To estimate step lengths, IMU signals acquired with sensors held in hand are analyzed as follows. A first motion classification is operated to determine the walking phases or the static phases of the pedestrian. A peak detection and a thresholding on the energy are applied on gyroscope signal ${\omega }_{gyro}$ and accelerometer signal $f_{acc}$ to determine the events $t_{ste{p}_k}$ when the pedestrian’s foot comes in contact with the ground at $k^{th}$ step. The step frequency is also computed as $f_k$. A second motion classification is operated by analyzing the variance of the IMU measurements to determine the device’s carrying mode (Static and Walking in Texting or Swinging mode) according to [38]. Then, a generic model is used to compute the step lengths $ste{p}_k$ according to [37]. It is based on the user’s height $h_{ped}$ and on a set of three parameters $\{a,b,c\}$ trained on 12 subjects.
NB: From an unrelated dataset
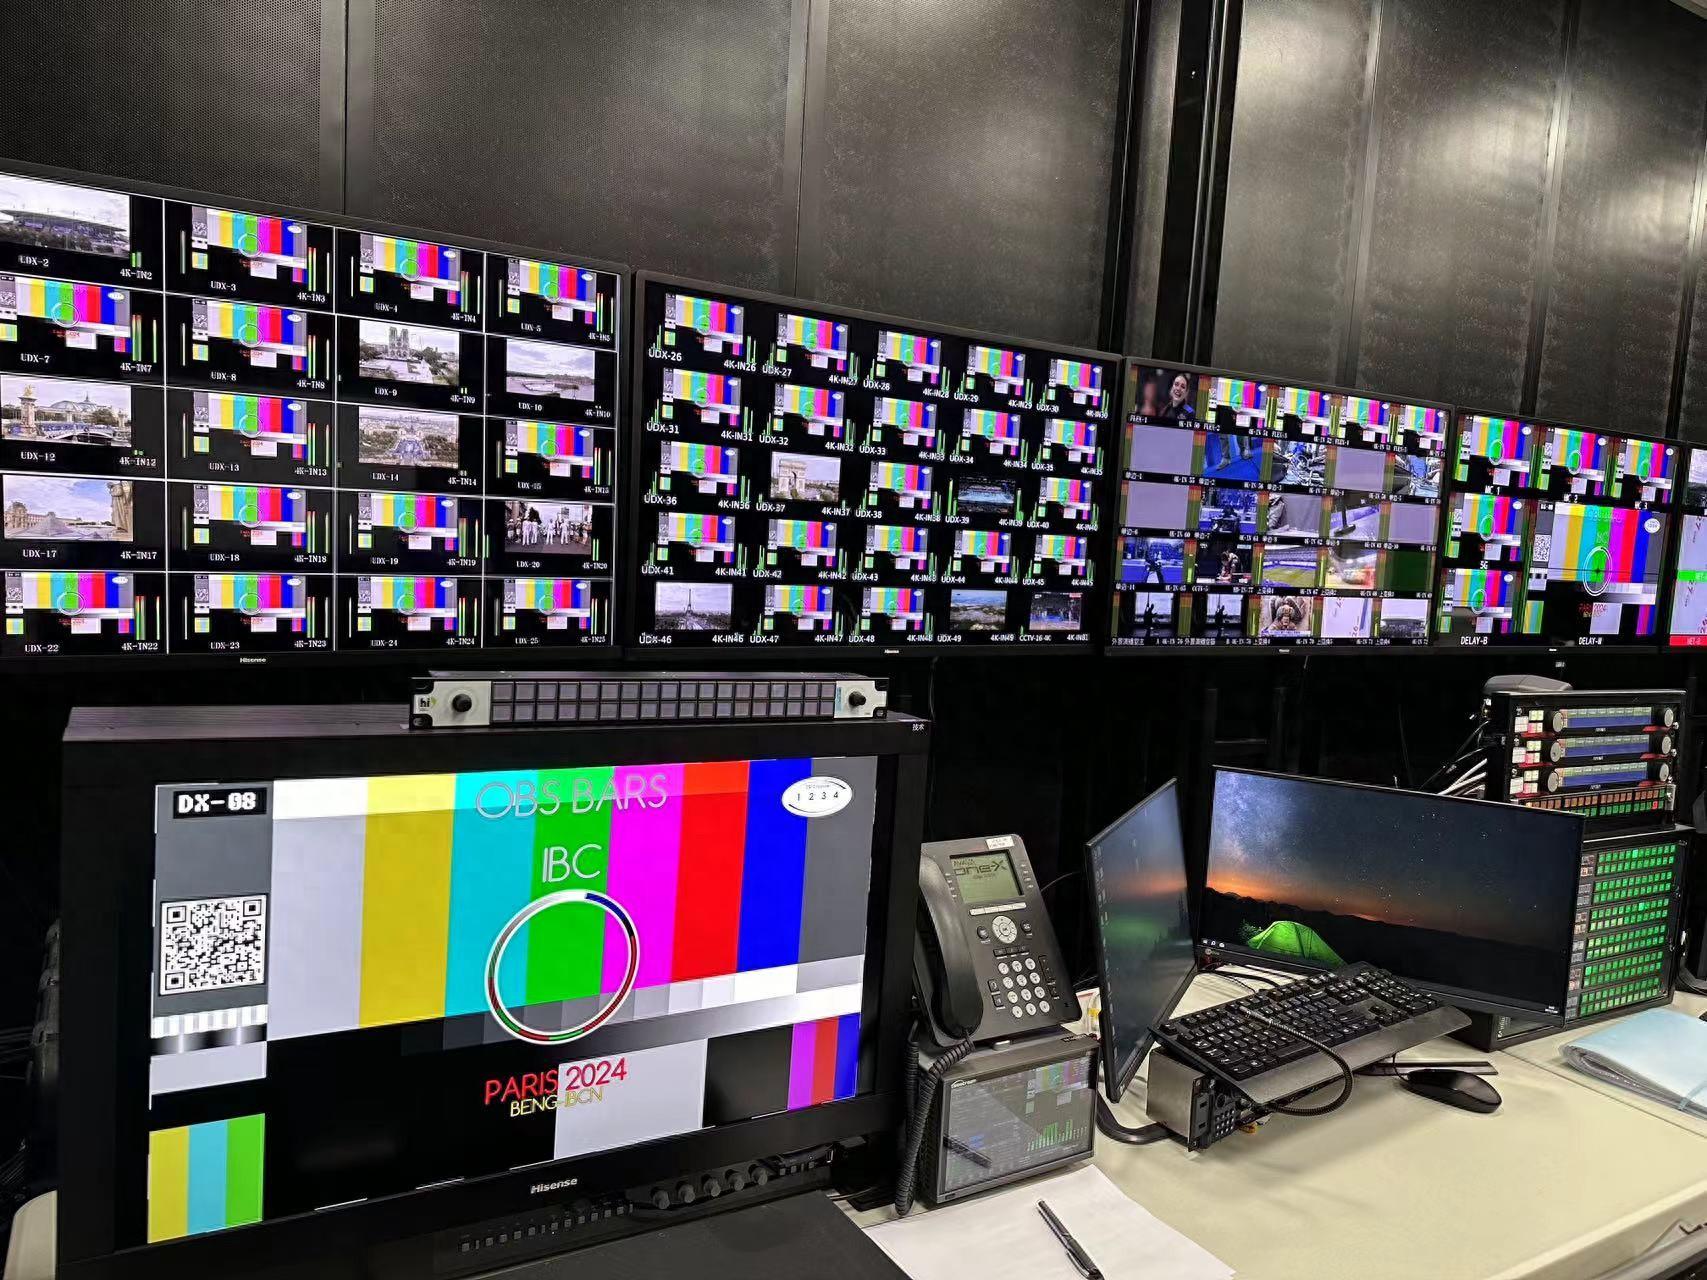 中国科技闪耀巴黎 海信监视器助力央视直播奥运

$$ste{p}_k=h_{ped}\times \left(a\times f_k+b\right)+c$$

(1)

3.2. Monocular Visual Odometry

Because step length estimation is independent of monocular Visual Odometry, any existing methods can be used. Here, we introduce our implementation based on the following standard procedure [22]. As a pre-processing, a standard camera calibration, using a checkerboard [40] and modeling the camera as a pinhole camera [41], is performed for a fixed resolution to express the camera’s coordinates in a normalized space [42]. This enables to correct image distortions and to determine the intrinsic parameters matrix $\mathbf{K}$ of the camera.

In the VO, to determine the unknown pose at time $\left(t\right)$, the known poses at $(t-1)$ and $(t-2)$ are used. The different steps of the vision procedure are detailed in Figure 3 and the notations are detailed hereafter.
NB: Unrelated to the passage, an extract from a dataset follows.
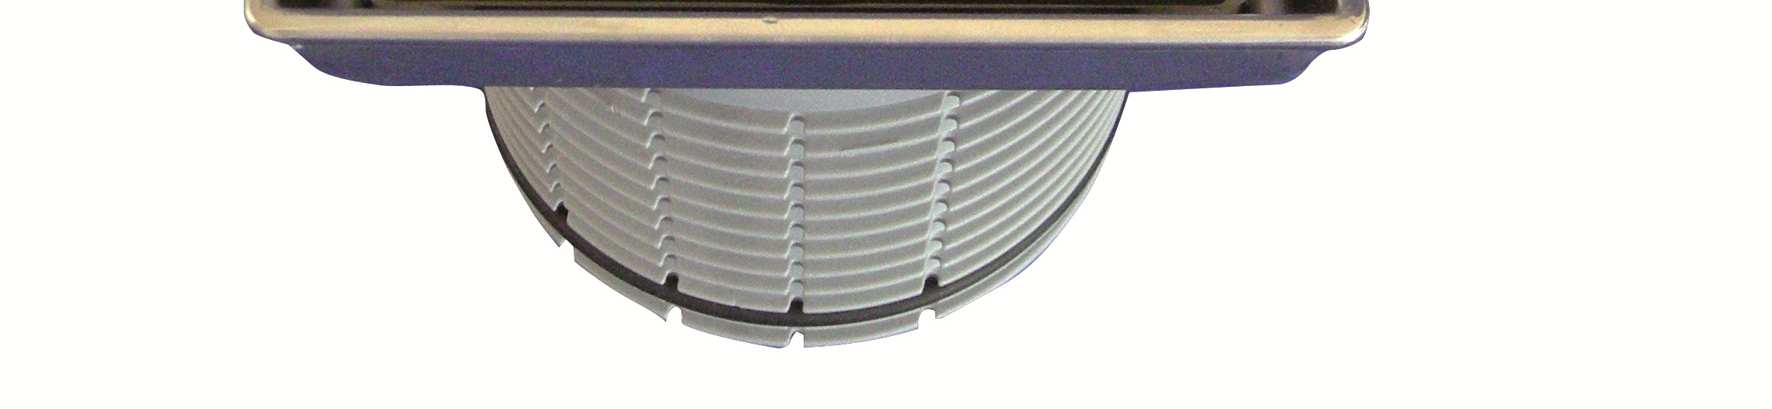 Informace o produktu č. 3 / 2012 Nové v HL HL3020 Nástavec pro vlepení dlažby Jako rozšíření výrobního programu podlahových vpustí s nástavci o ø110mm (např.

Knowing the intrinsic parameters matrix $\mathbf{K}$ of the camera and the correspondences between ${\mathbf{x}}_i$ and ${\mathbf{X}}_n$, expressed in homogeneous coordinates symbolized with a tilde (~), the pose of the camera’s optical center can be computed. It is expressed as a rotation matrix ${\mathbf{R}}_n^c$, giving the rotation from the global coordinate system to the camera one, and a translation vector ${\mathbf{t}}_n^c$ giving the translation from the origin of the global coordinate system to the one in the camera coordinate system $\mathbf{C}$. The output of the “Vision” part in Figure 3 are ${\mathbf{R}}_c^n\left(t\right)$, the rotation from the Camera frame to the Navigation frame at time $\left(t\right)$ and ${\mathbf{t}}_c^n\left(t\right)$, the translation from Camera frame to the Navigation frame ${\mathbf{t}}_c^n\left(t\right)$ with a dimensionless scale factor $s\left(t\right)$ at time $\left(t\right)$.
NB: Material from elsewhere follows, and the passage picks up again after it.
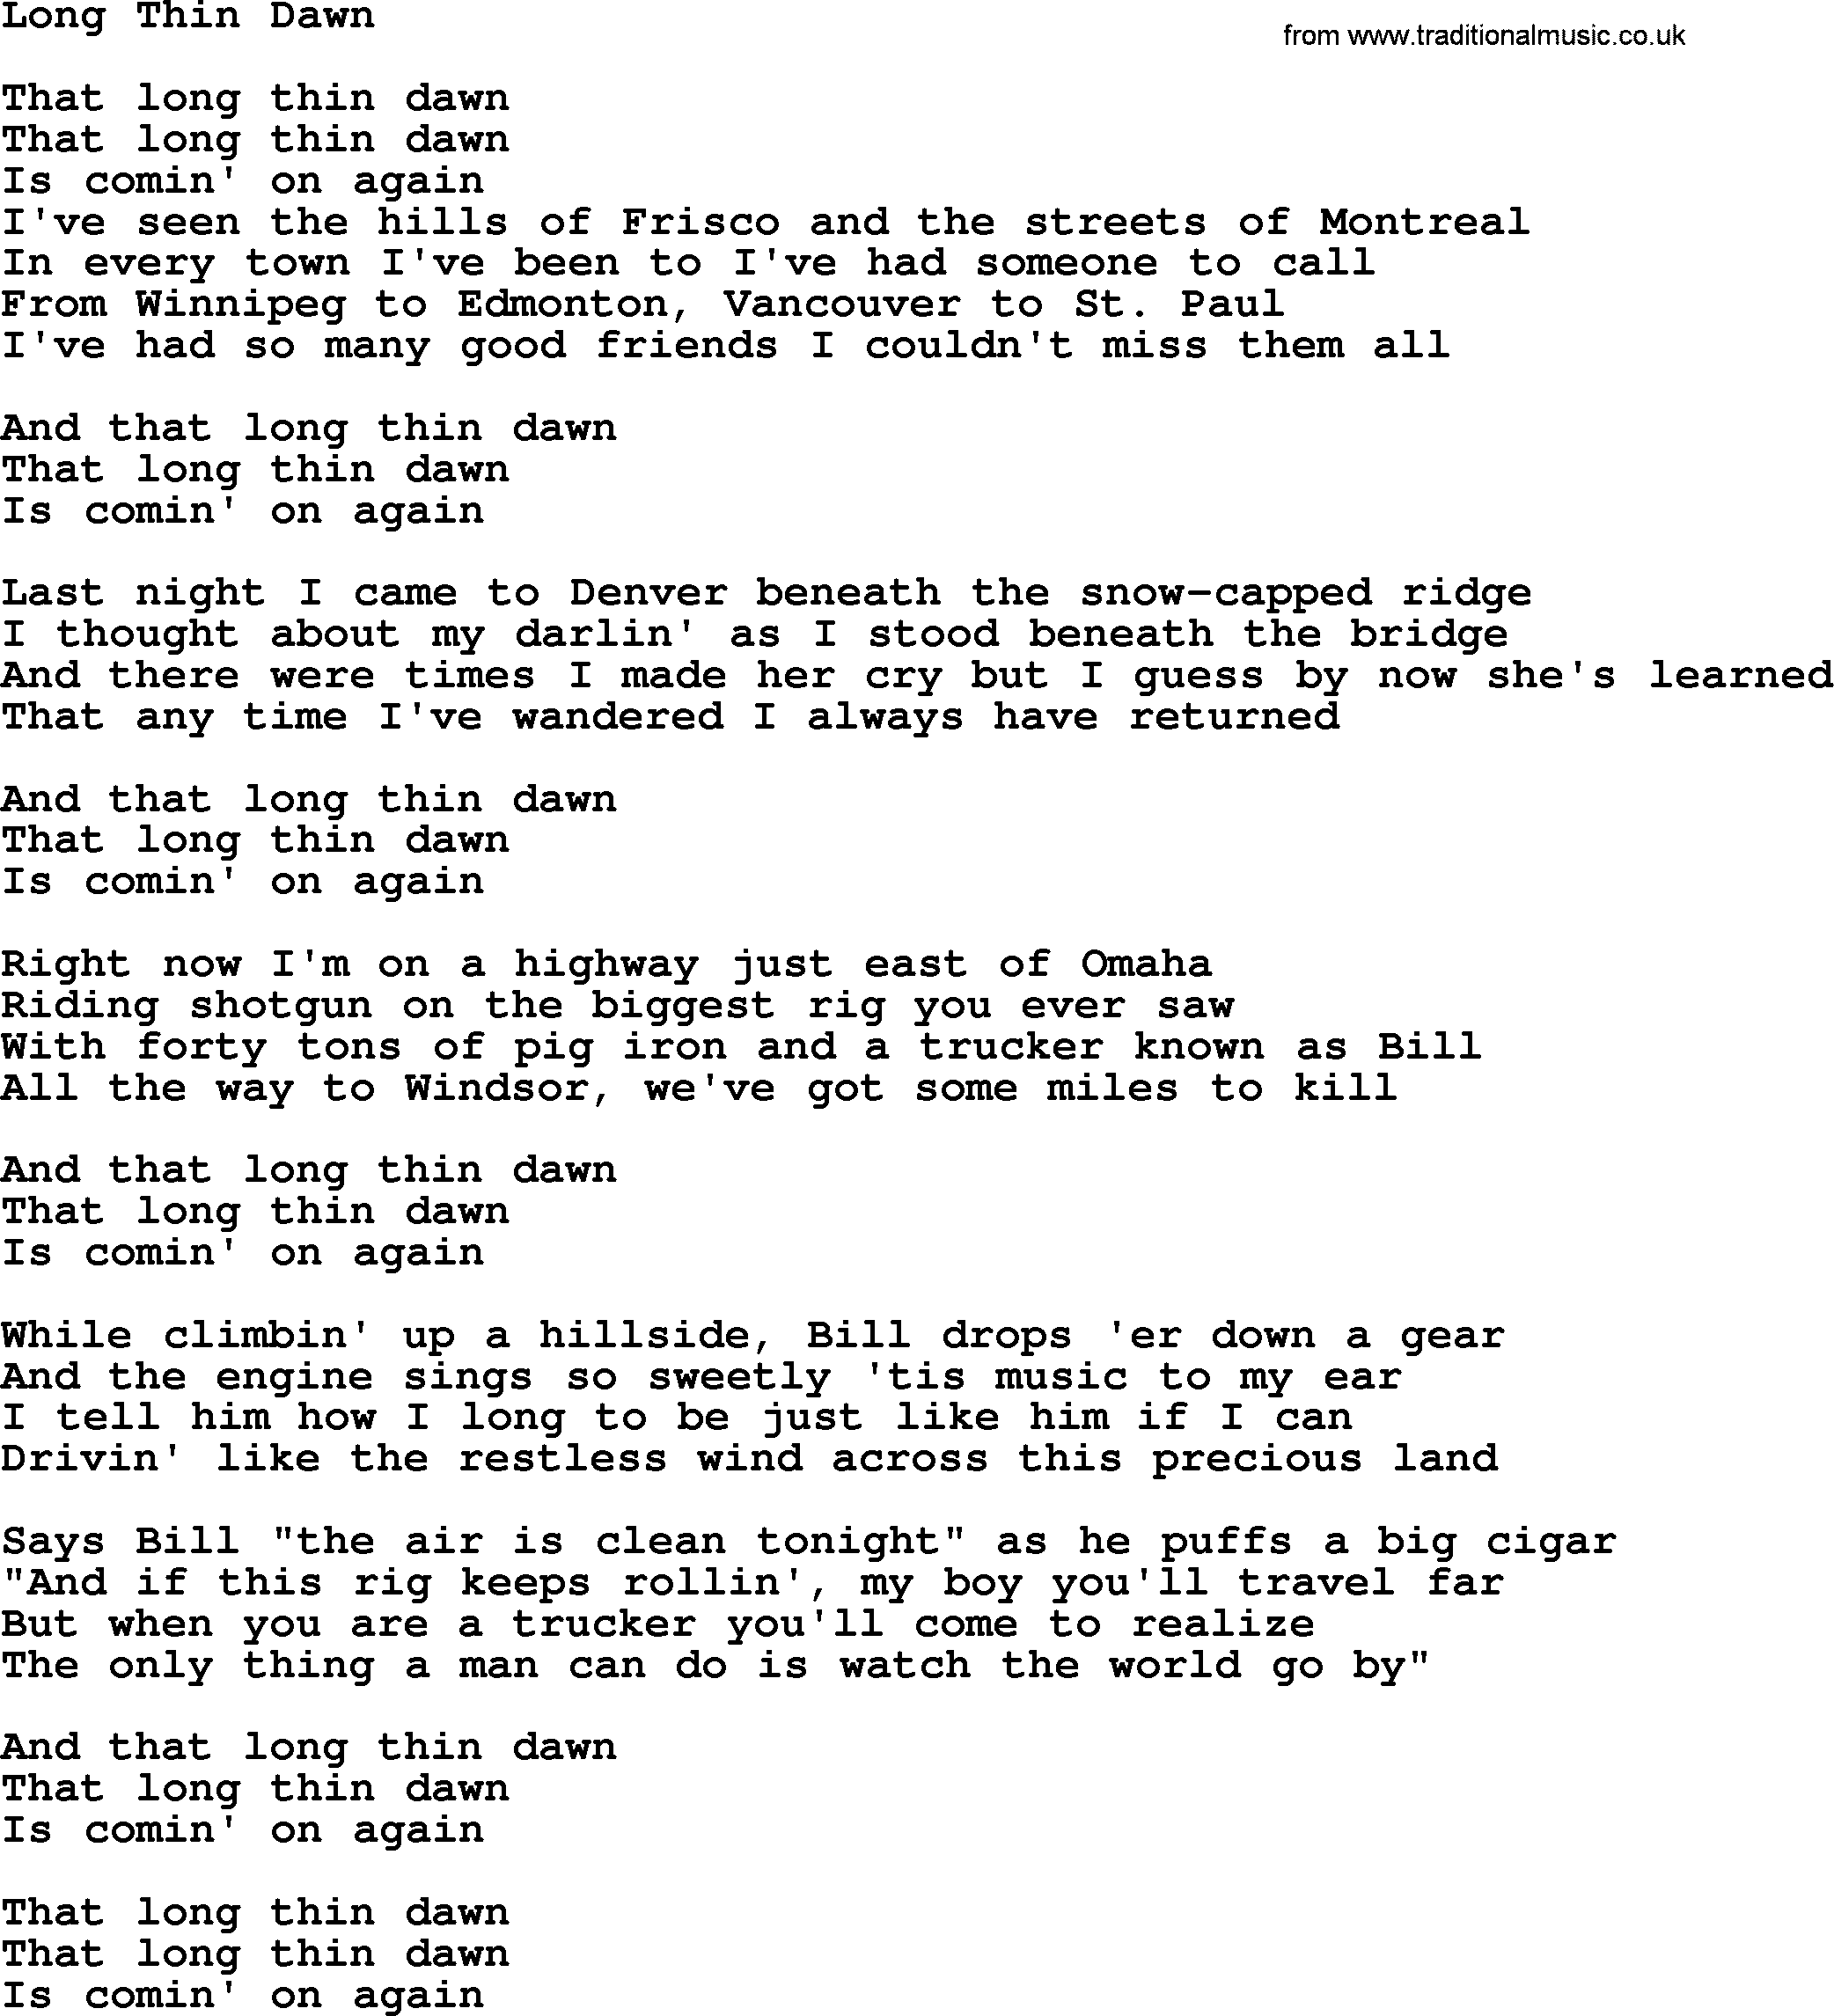 Gordon Lightfoot song Long Thin Dawn, lyrics

For the relative pose estimation between images, feature points ${\mathbf{x}}_i$ are extracted by SURF detector [43]. A sparse feature points extraction is operated to improve the reliability by suppressing redundantly extracted points. Then, extracted feature points in consecutive images are matched using the Sum Square Difference (SSD) distance to select unique correspondences. A filtering stage, using a geometric constraint such as epipolar constraint, is then applied with the M-estimator SAmple Consensus (MSAC) algorithm [44] to exclude outliers. A triangulation stage is operated only on inliers that are visible in the two images at times $(t-1)$ and $(t-2)$, and in the current image at time $\left(t\right)$ to estimate the 3D points ${\mathbf{X}}_n$ in the Navigation frame. To perform pose estimation using a calibrated camera, PnP algorithms constitute one of the most suitable solutions [45]. The camera pose is computed using the following formulation:

$$\tilde{\mathbf{x}}{}_i=\mathbf{K}\left[\begin{array}{ccc}{\mathbf{R}}_n^c& |& {\mathbf{t}}_n^c\end{array}\right]{\tilde{\mathbf{X}}}_n$$

(2)

$${\mathbf{t}}_n^c=-{\mathbf{R}}_n^c{\mathbf{C}}^n$$

(3)

where ${\mathbf{C}}^n$ is the position of the camera’s optical center in the Navigation frame. The successive positions of the camera’s optical center are used for the scale estimation. It should be noted that we did not use any map optimization, such as pose graph optimization and bundle adjustment typically used in visual SLAM because they are computationally expensive. We simply implemented monocular Visual Odometry and did not keep the map in the memory as Dead-Reckoning.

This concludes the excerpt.